**Material for this task**.
────────

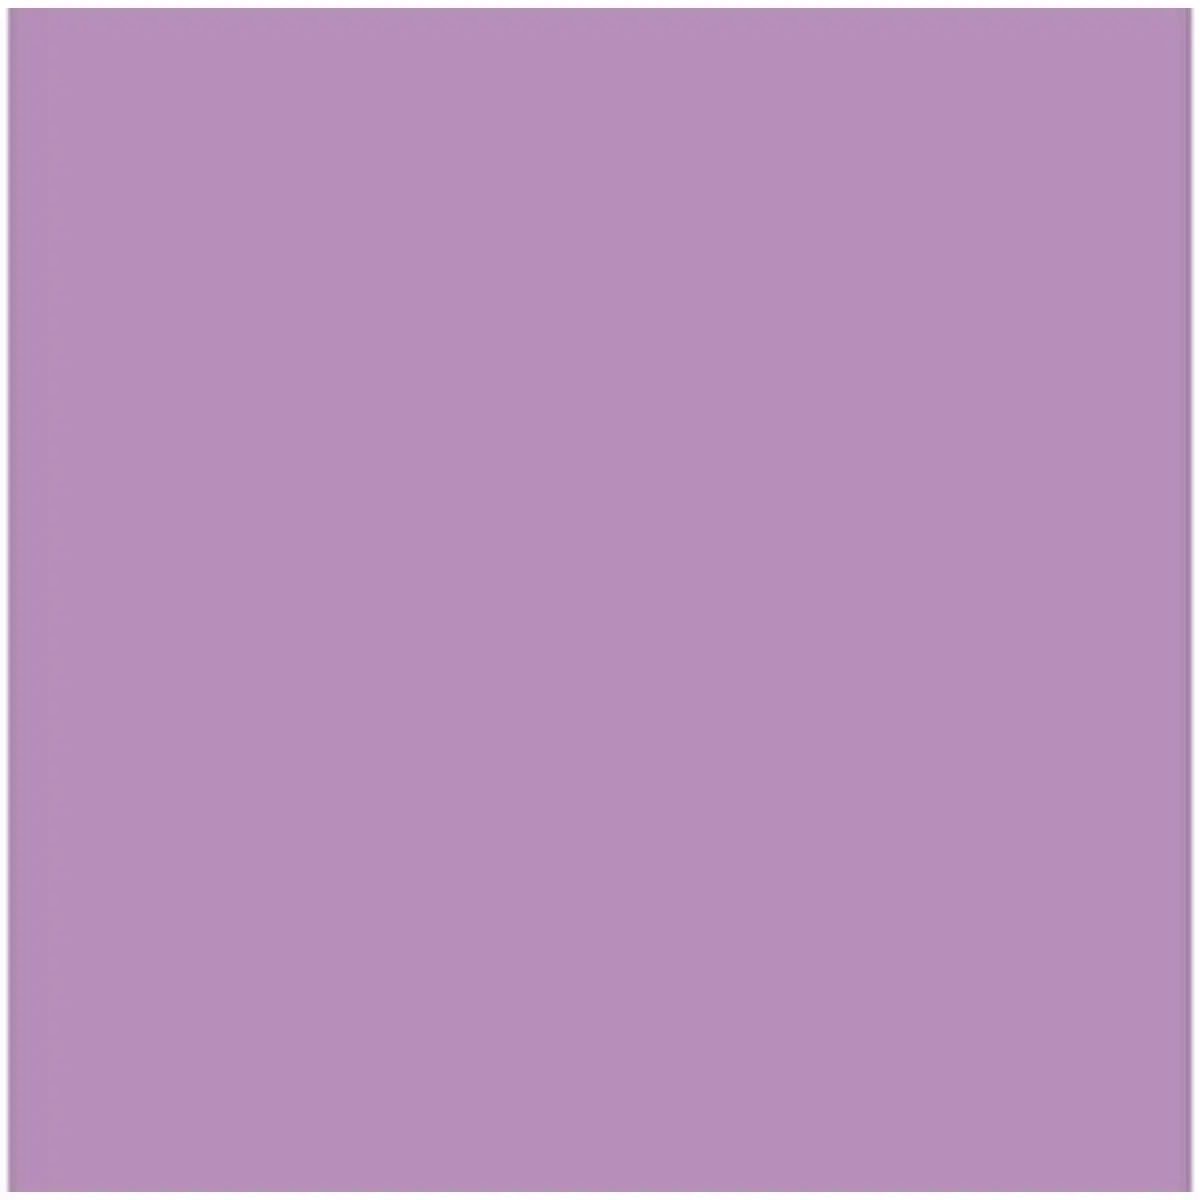 Papier carton iris mauve 50 x 65 cm 25 unites _1141. DIAYTAR SENEGAL - Où Choisir Rime avec Qualité. Découvrez notre sélection soigneusement conçue et choisissez des articles qui incarnent l'excellence et l'innovation.
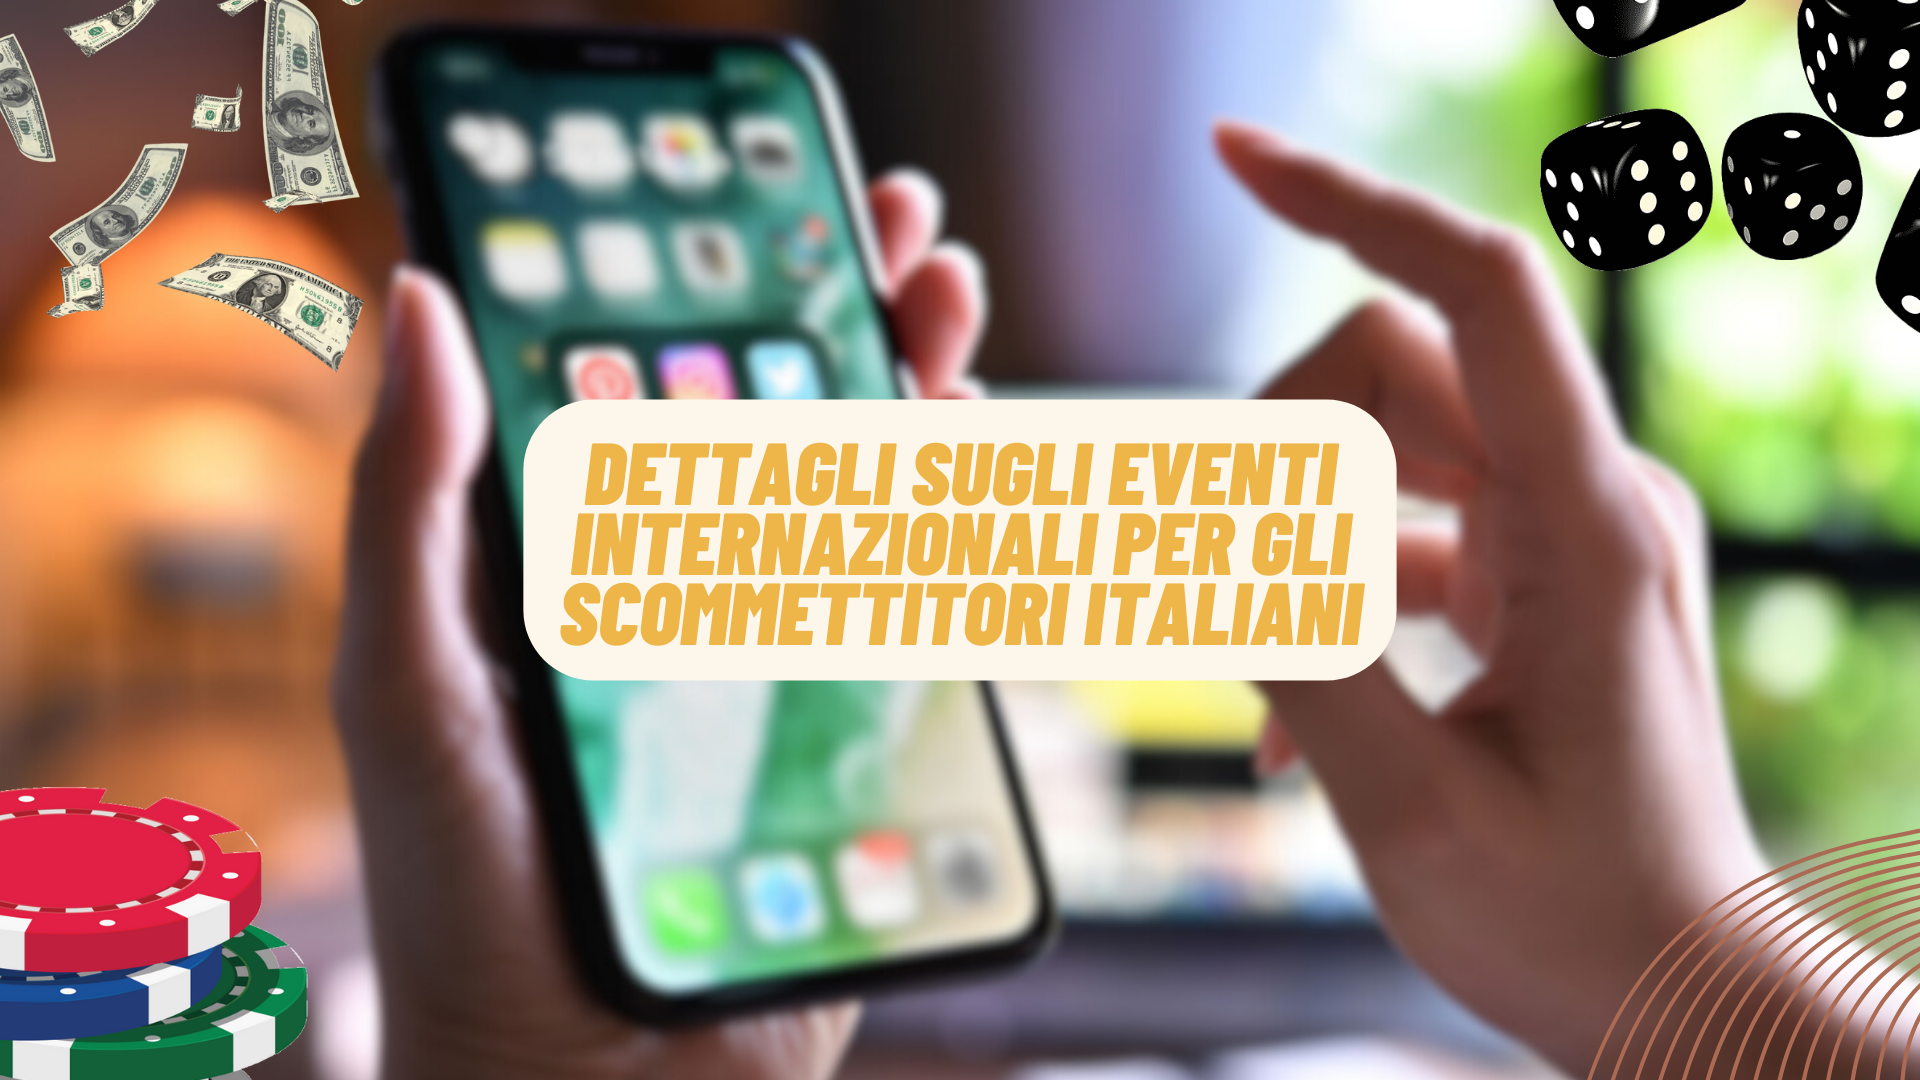 Dettagli sugli eventi internazionali per gli scommettitori italiani
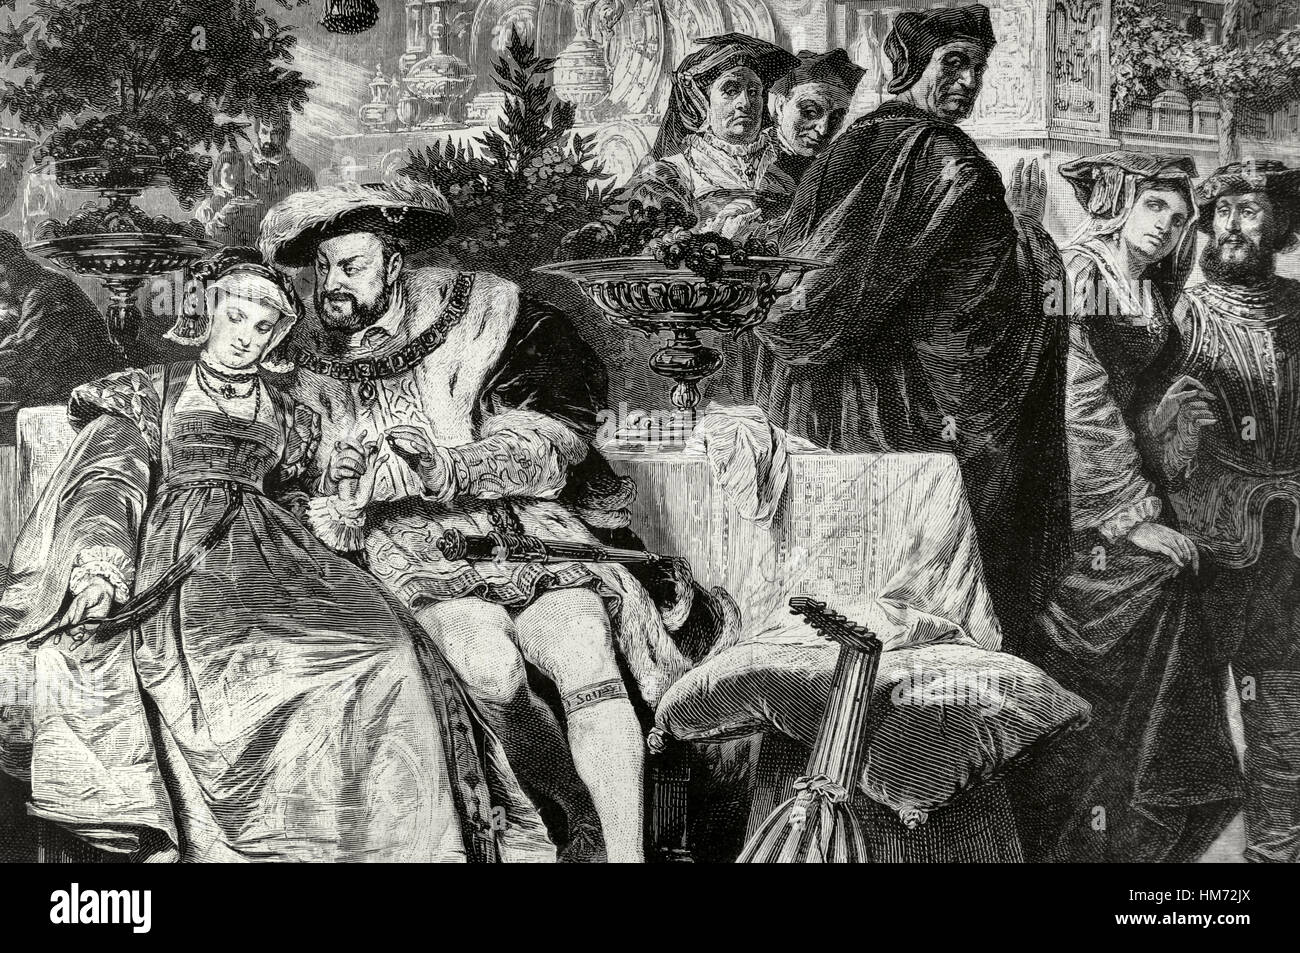 Heinrich VIII. (1491-1547). König von England. Heinrich VIII. mit Anne Boleyn (1501-1536) am Palast von Kardinal Wolsey. Kupferstich nach dem Gemälde von Karl von Piloty, 19. Jahrhundert. Stockfoto
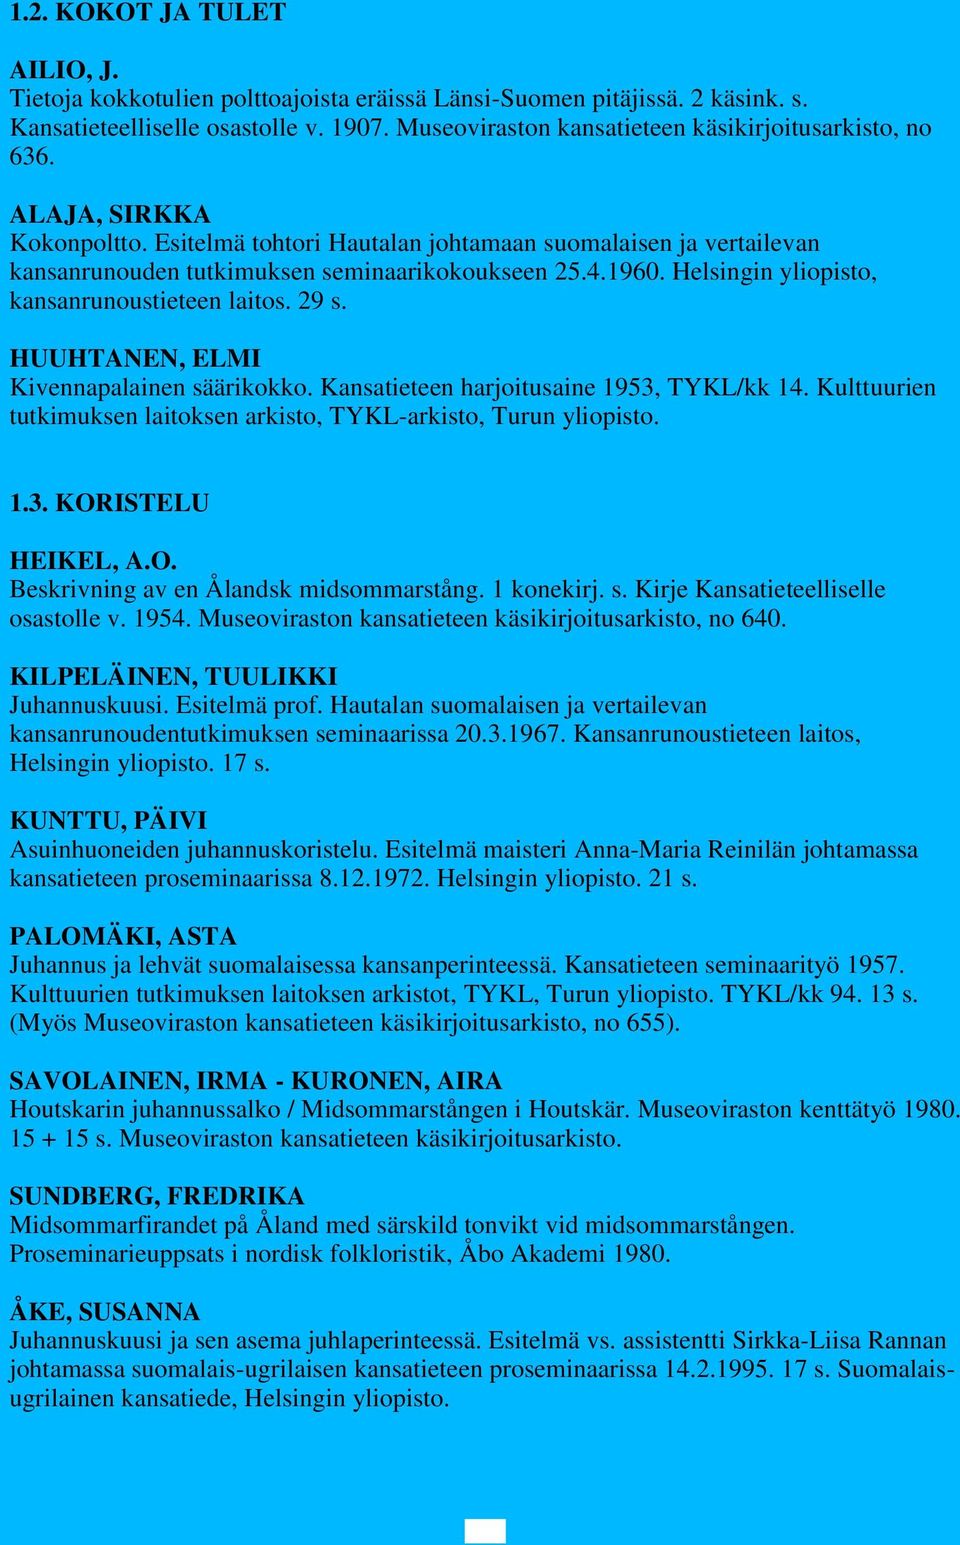 1960. Helsingin yliopisto, kansanrunoustieteen laitos. 29 s. HUUHTANEN, ELMI Kivennapalainen säärikokko. Kansatieteen harjoitusaine 1953, TYKL/kk 14.
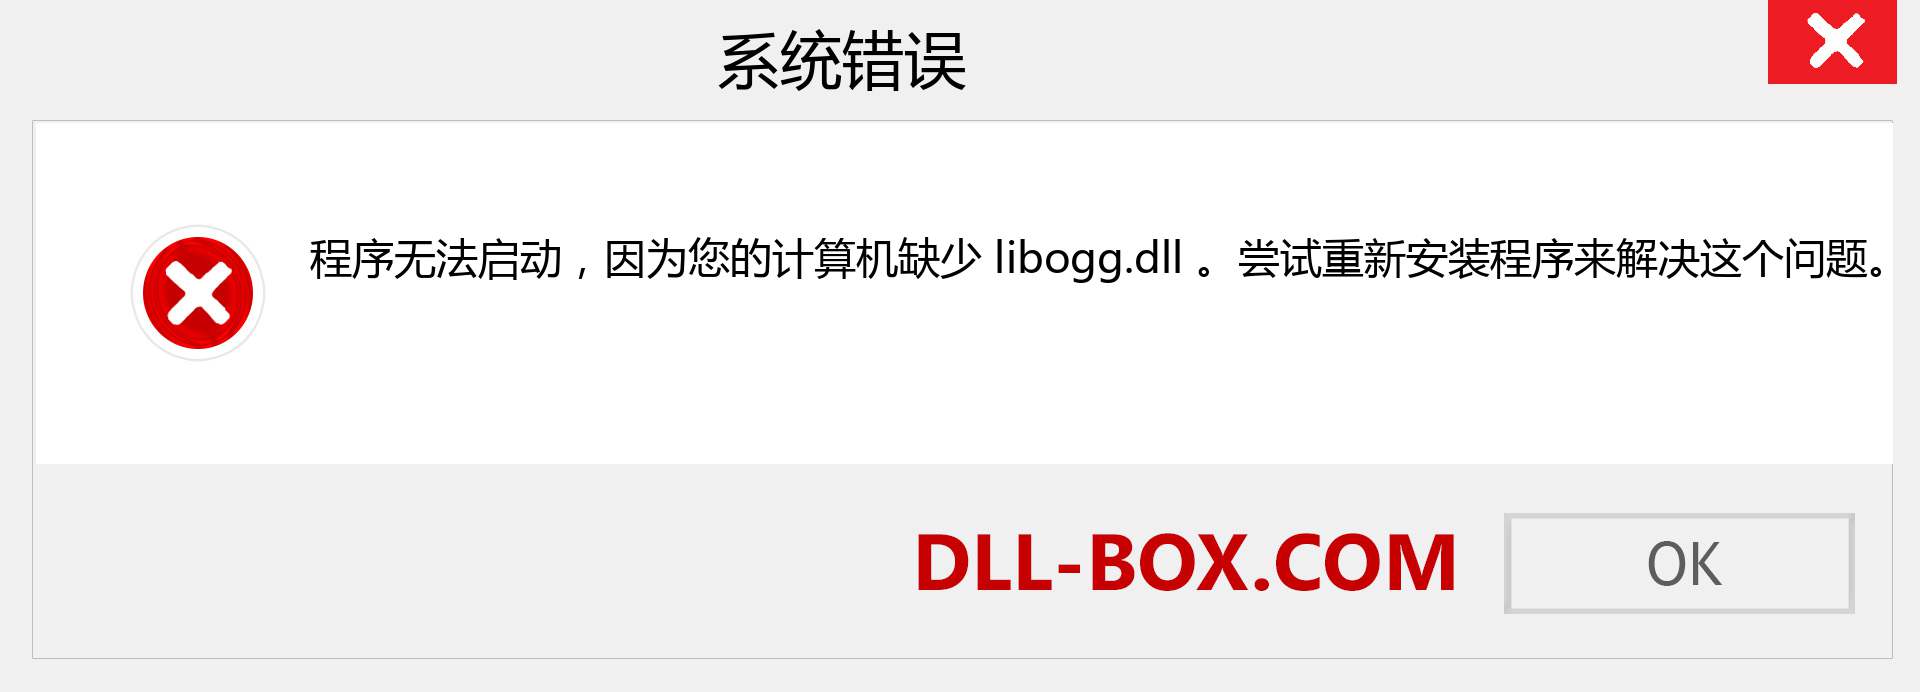 libogg.dll 文件丢失？。 适用于 Windows 7、8、10 的下载 - 修复 Windows、照片、图像上的 libogg dll 丢失错误
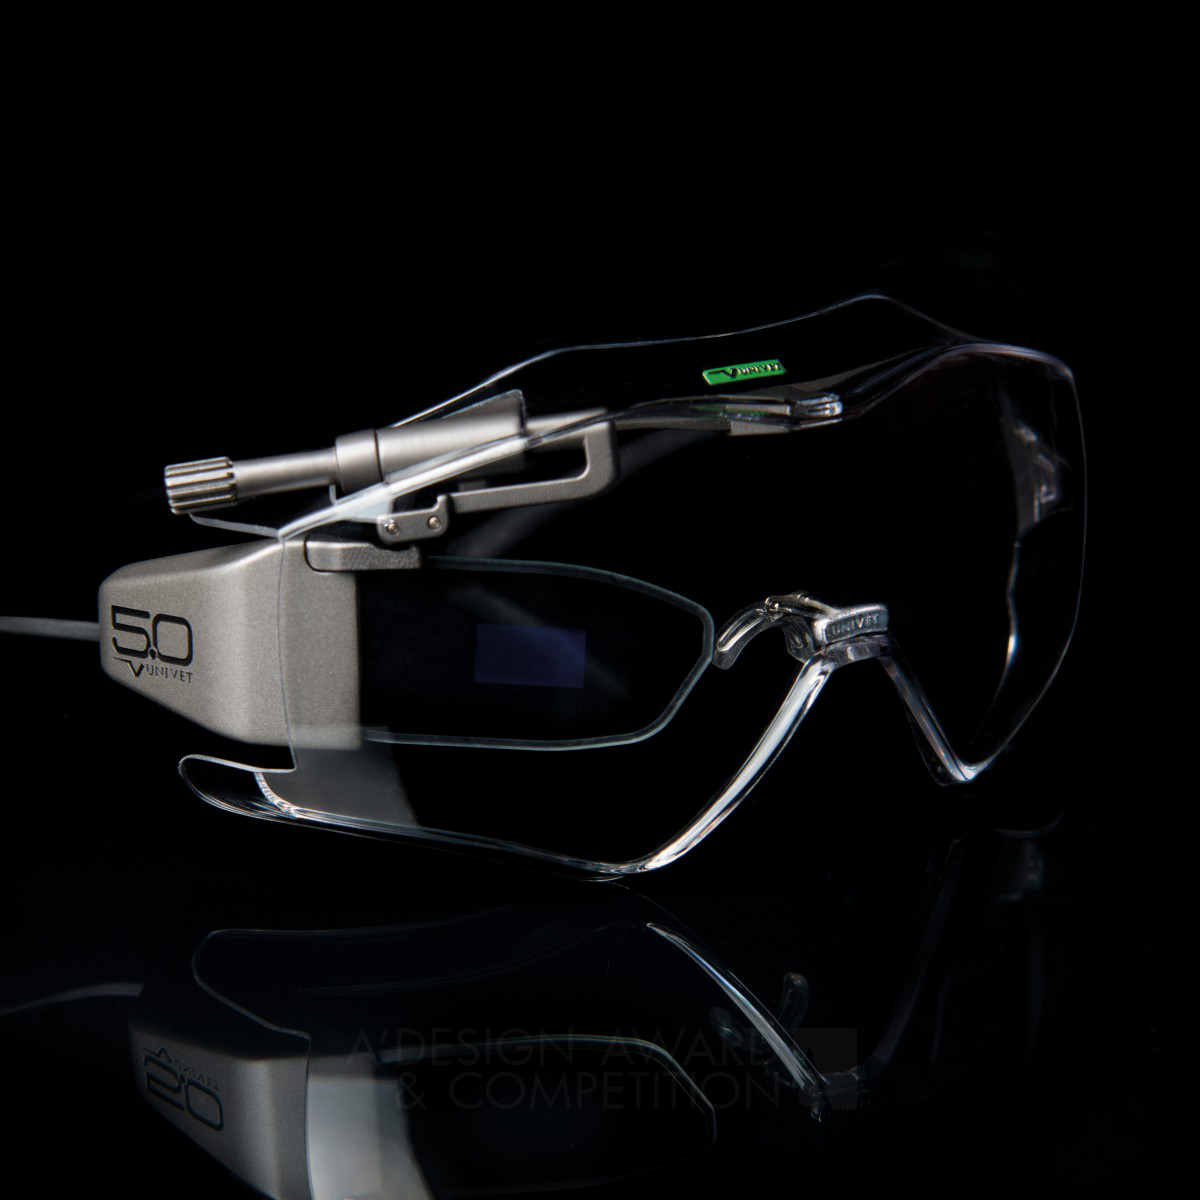 Univet 5.0 <b>safety smart glasses

────────

**Instructions to follow**. Nothing but the lines from the first line of the listing above to the line containing "1960. Helsingin yliopisto, kansanrunoustieteen" should appear in the answer, each one exact and with no pictures.

**Exercise response**.
 Papier carton iris mauve 50 x 65 cm 25 unites _1141. DIAYTAR SENEGAL - Où Choisir Rime avec Qualité. Découvrez notre sélection soigneusement conçue et choisissez des articles qui incarnent l'excellence et l'innovation.
 Dettagli sugli eventi internazionali per gli scommettitori italiani
 Heinrich VIII. (1491-1547). König von England. Heinrich VIII. mit Anne Boleyn (1501-1536) am Palast von Kardinal Wolsey. Kupferstich nach dem Gemälde von Karl von Piloty, 19. Jahrhundert. Stockfoto
 1960. Helsingin yliopisto, kansanrunoustieteen laitos. 29 s. HUUHTANEN, ELMI Kivennapalainen säärikokko. Kansatieteen harjoitusaine 1953, TYKL/kk 14.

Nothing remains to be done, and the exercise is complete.